I finally downloaded Office 2007 SP2, the upgrade to Office 2007 to give first class ODF support, and decided to try a simple experiment. When I load the ODF 1.1 standard (the .ODT version from Ecma), what does it look like?
I don't want to give oxygen to fires lit by agitating spin doctors, but it is appropriate to check SP2's implementation. So I'll preface this by imagining four classes of fidelity that a document from one word processor might have in another: not all errors are equally important:
- Draft. All significant text is present, in the right order, with no omissions or additions. Autonumbering and internal cross-references should work.
- Rich text. All text is present, with rich text and graphics and tables and headings. Like HTML. Relative style relationships should roughly hold. (Old-timers can think of galley proofs.)
- Publishing quality. Styles should completely follow the stylesheet. Page-formatting features and auto-generated text should work. Arcane typesetting features should work. The page count should be within +/- 10% of the original. Features for which there is no direct equivalent should be simulated as best as possible.
- Facsimile. The document opens with, to all intents and purposes, the same formatting with the line and page breaking and page count.
When looking at the ODF loading, it looked like the Draft and Rich Text levels of fidelity had been met. I could not find any examples of missing text, the numbering appeared correct, the basic rich text seemed right, headings were appropriately marked, tables and grey backgrounds looked OK, and so on.

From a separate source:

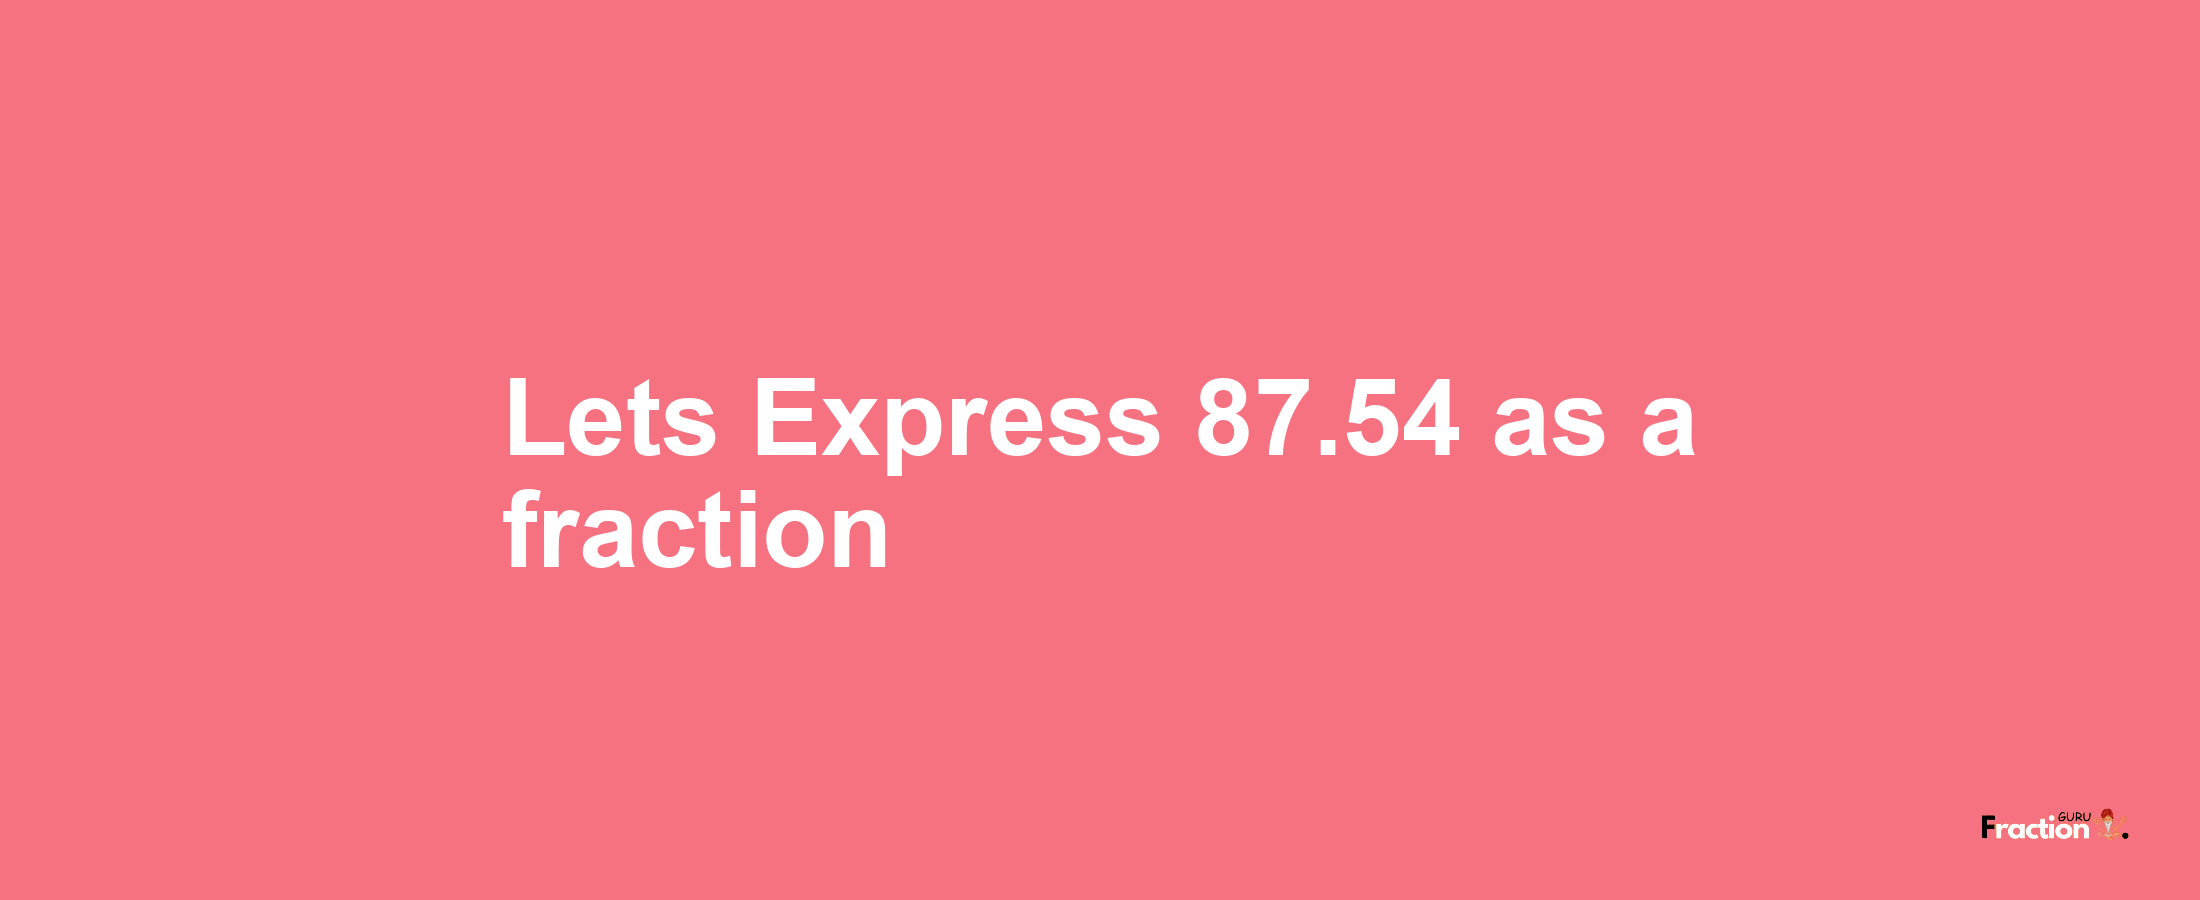 Lets Express 87.54 as afraction
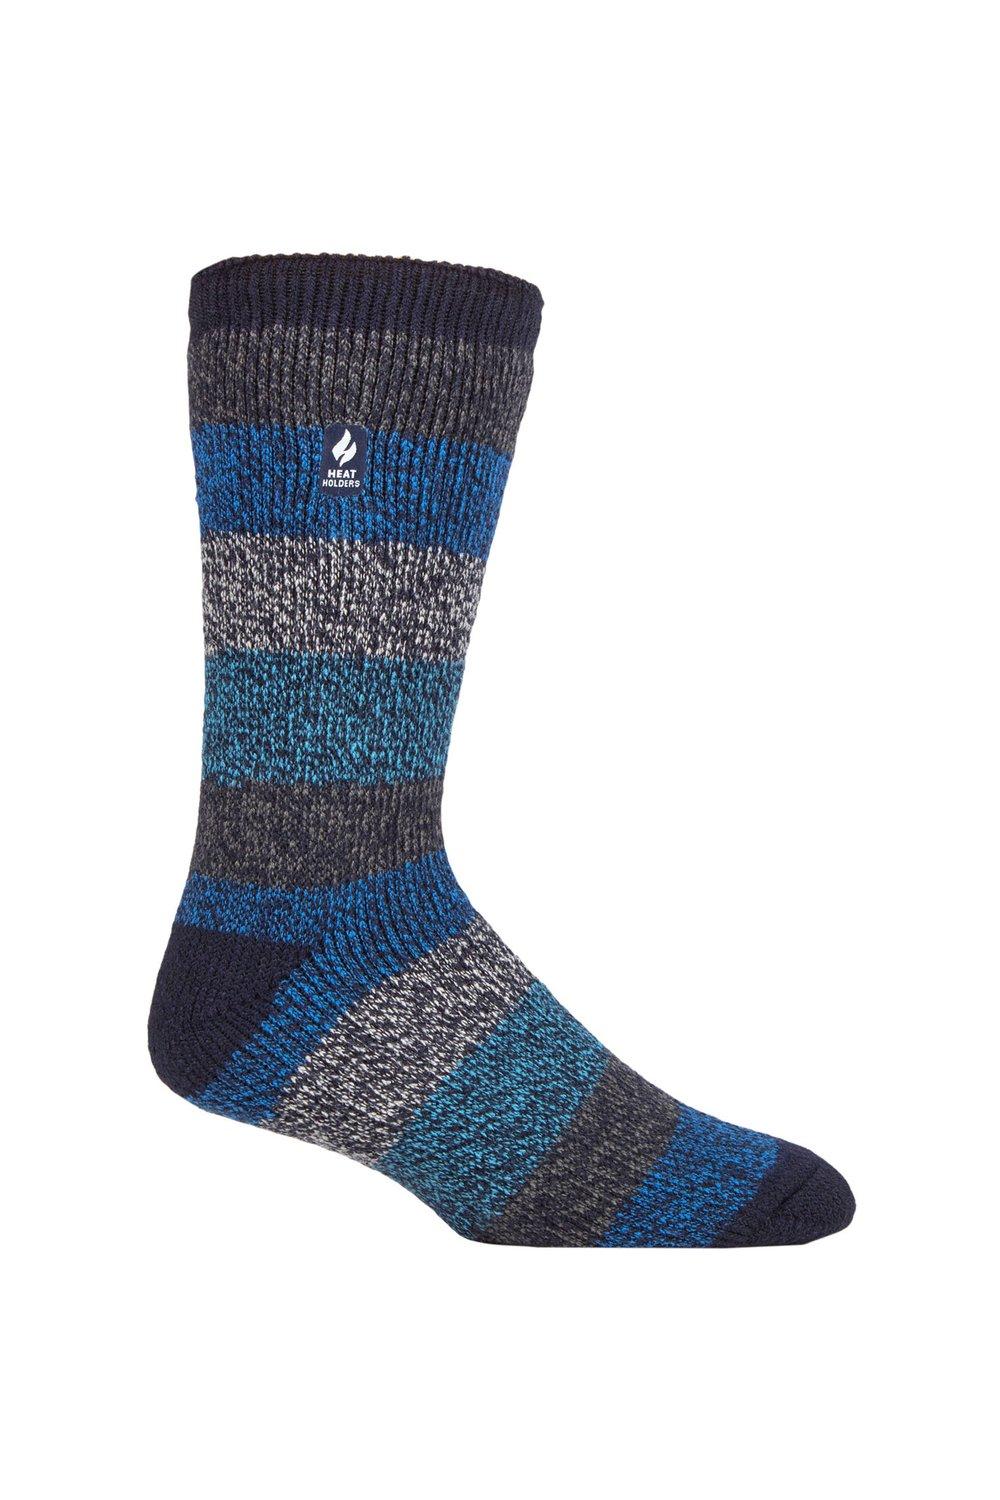 1 Pair 2.3 TOG Patterned and Plain Thermal Socks

There is of course no chance of a Facsimile level of fidelity, but I do not think it unreasonable to expect a Publishing quality level. SP2 does not quite deliver it.
Just the briefest scan showed two errors of this kind (I commend this as a good test case if anyone else cares to follow up with other issues):
- Inherited page breaks wrong
- No line numbering on quoted schemas
I decided to trace through the page break issue, since this is one that would definitely come up in conversion jobs.
I first opened ODF1.1 in OpenOffice 2.4 and 3.1. Both opened with 720 pages.
I open the ODF 1.1 in Office 2007 with SP2. It registered 1,982 pages. WTF?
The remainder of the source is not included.